Boyke PribadiKolom

Kolom Boyke Pribadi: Potensi dan Peluang Bencana

Catatan Awal Tahun 2019

Oleh: Boyke Pribadi (Pembelajar Kehidupan)

biem.co – Membuka awal tahun 2019 masyarakat di sekitar kita baik yang berada di Provinsi Banten maupun di seluruh pelosok Indonesia dilanda berbagai bencana alam yang menelan korban jiwa dalam jumlah yang signifikan dalam berbagai variasi usia, sejak balita hingga usia lanjut.

Sebenarnya, jika kita membuka lebar-lebar akal, pikiran serta hati kita, maka sesungguhnya tanah, air, dan alam Indonesia memang menyimpan potensi bencana alam yang cukup besar. Hal ini dikarenakan sebagian besar daerah di Indonesia berada dalam jajaran deretan gunung berapi aktif yang dikenal dengan wilayah ‘ring of fire’.

Dan ternyata, hal inilah yang memberi anugerah tanah subur yang menjadi ciri khas di daerah jajaran gunung berapi, karena pernah tertimbun abu vulkanik yang kaya akan mineral primer yang memiliki banyak unsur hara. Dimana seiring dengan berjalannya waktu akan mengalami pelapukan kimia dan biologi, abu akan mengeluarkan unsur hara dan area permukaan butiran abu akan membesar, dan mampu menampung lebih banyak nutrien dan air. Selain itu, abu vulkanik memiliki kemampuan untuk menyerap karbon dari atmosfer dalam jumlah besar dan menyimpannya di tanah.

Besarnya peluang atau kemungkinan terjadinya bencana di negara ini, seharusnya membangkitkan kesadaran bagi masyarakat, terutama bagi para pemegang kebijakan untuk melakukan proses pembangunan yang memperhatikan/mempertimbangkan faktor bencana alam dalam tahap perencanaannya.

Andai, para pemegang kebijakan yakni pemerintah sebagai eksekutor dan para wakil rakyat yang menjadi legislatif sejak lama memiliki pemahaman dan kesadaran yang cukup untuk mengetahui potensi bencana ini, maka tentu tidak akan ada pihak yang mengizinkan berdirinya bangunan tepat di bibir pantai.
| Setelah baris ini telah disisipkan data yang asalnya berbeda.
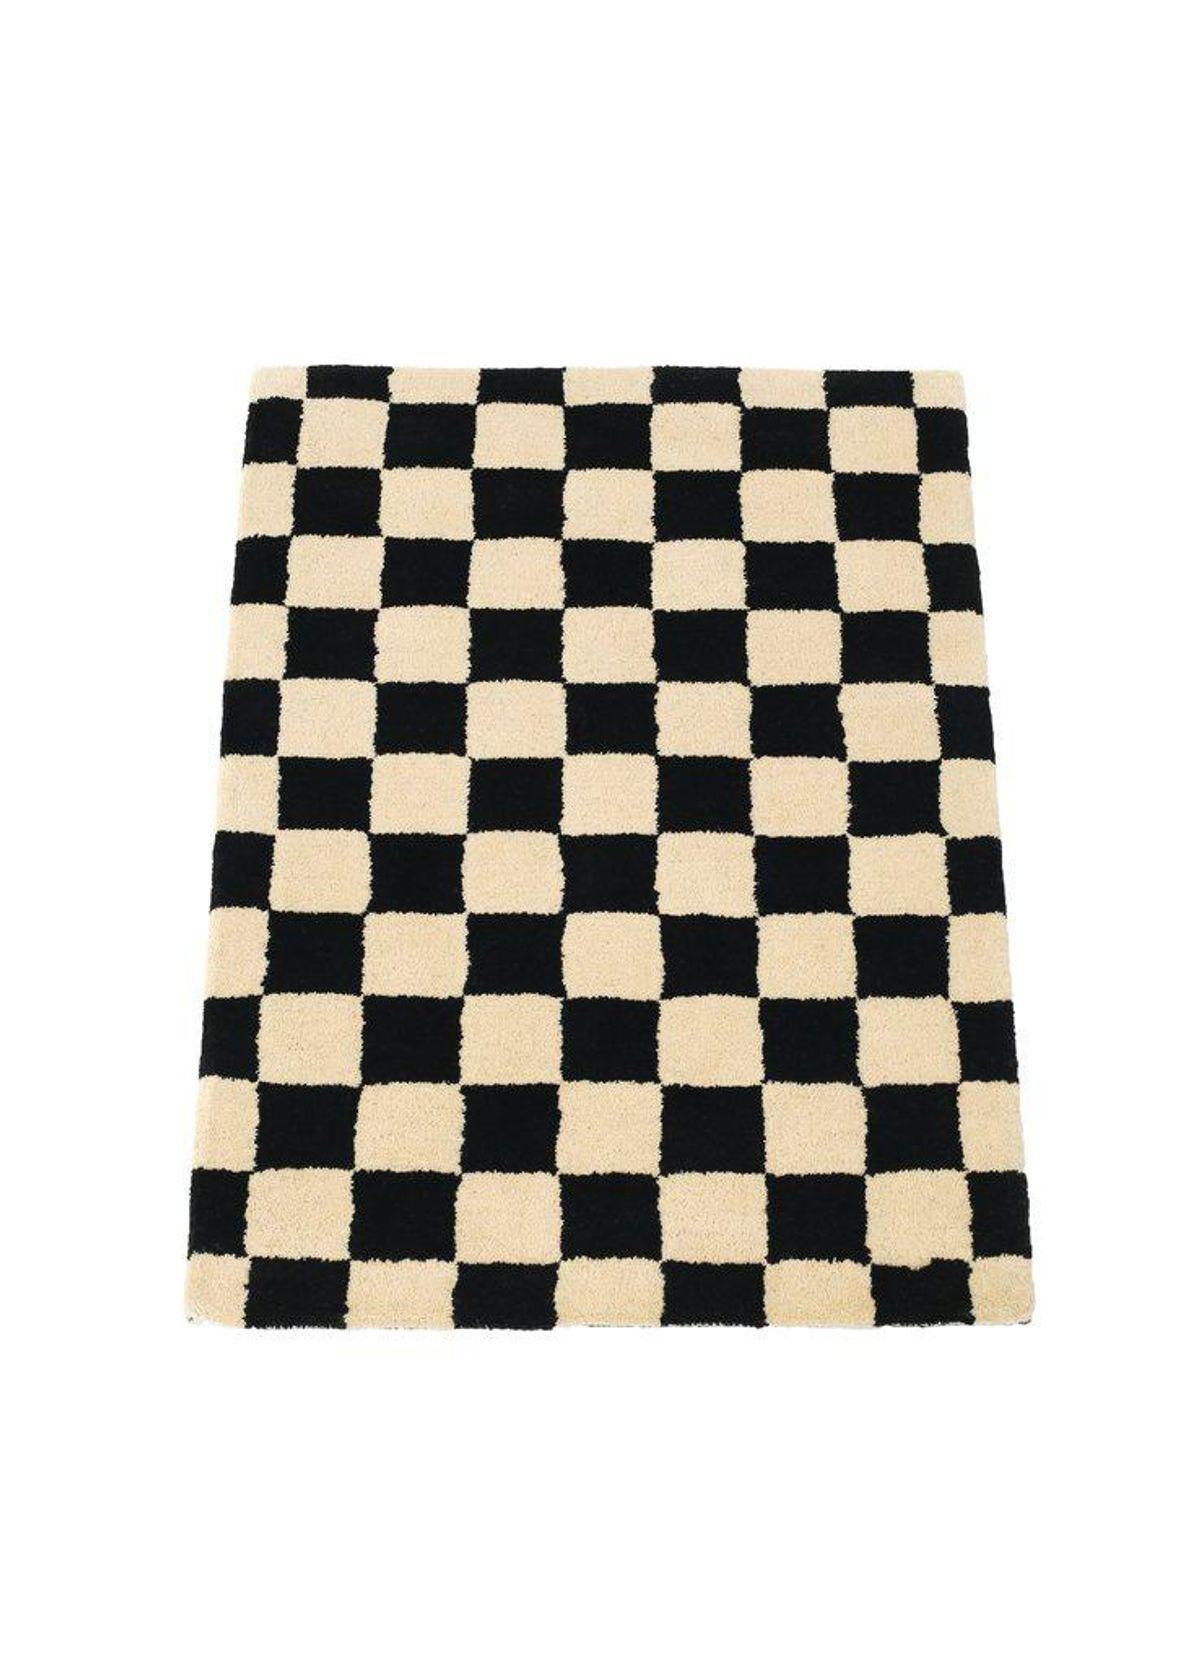 Black and Cream Mat 2' x 3'

JIka pun ingin menikmati suasana pantai, maka bangunan akan diizinkan di sisi seberang pantai.

Kebijakan seperti ini, selain memberikan hak akses ke pantai bagi seluruh masyarakat, juga bersifat preventif jika terjadi gejala alam dalam bentuk naiknya permukaan laut (Rob) dan adanya cuaca buruk yang mendorong tingginya gelombang air laut sehingga mencapai bibir pantai.

Bukan kah kita khususnya di wilayah selatan, masih jelas mengingat hasil simulasi pakar dari BPPT yang menyatakan bahwa ada potensi tsunami dengan tinggi gelombang 57 meter?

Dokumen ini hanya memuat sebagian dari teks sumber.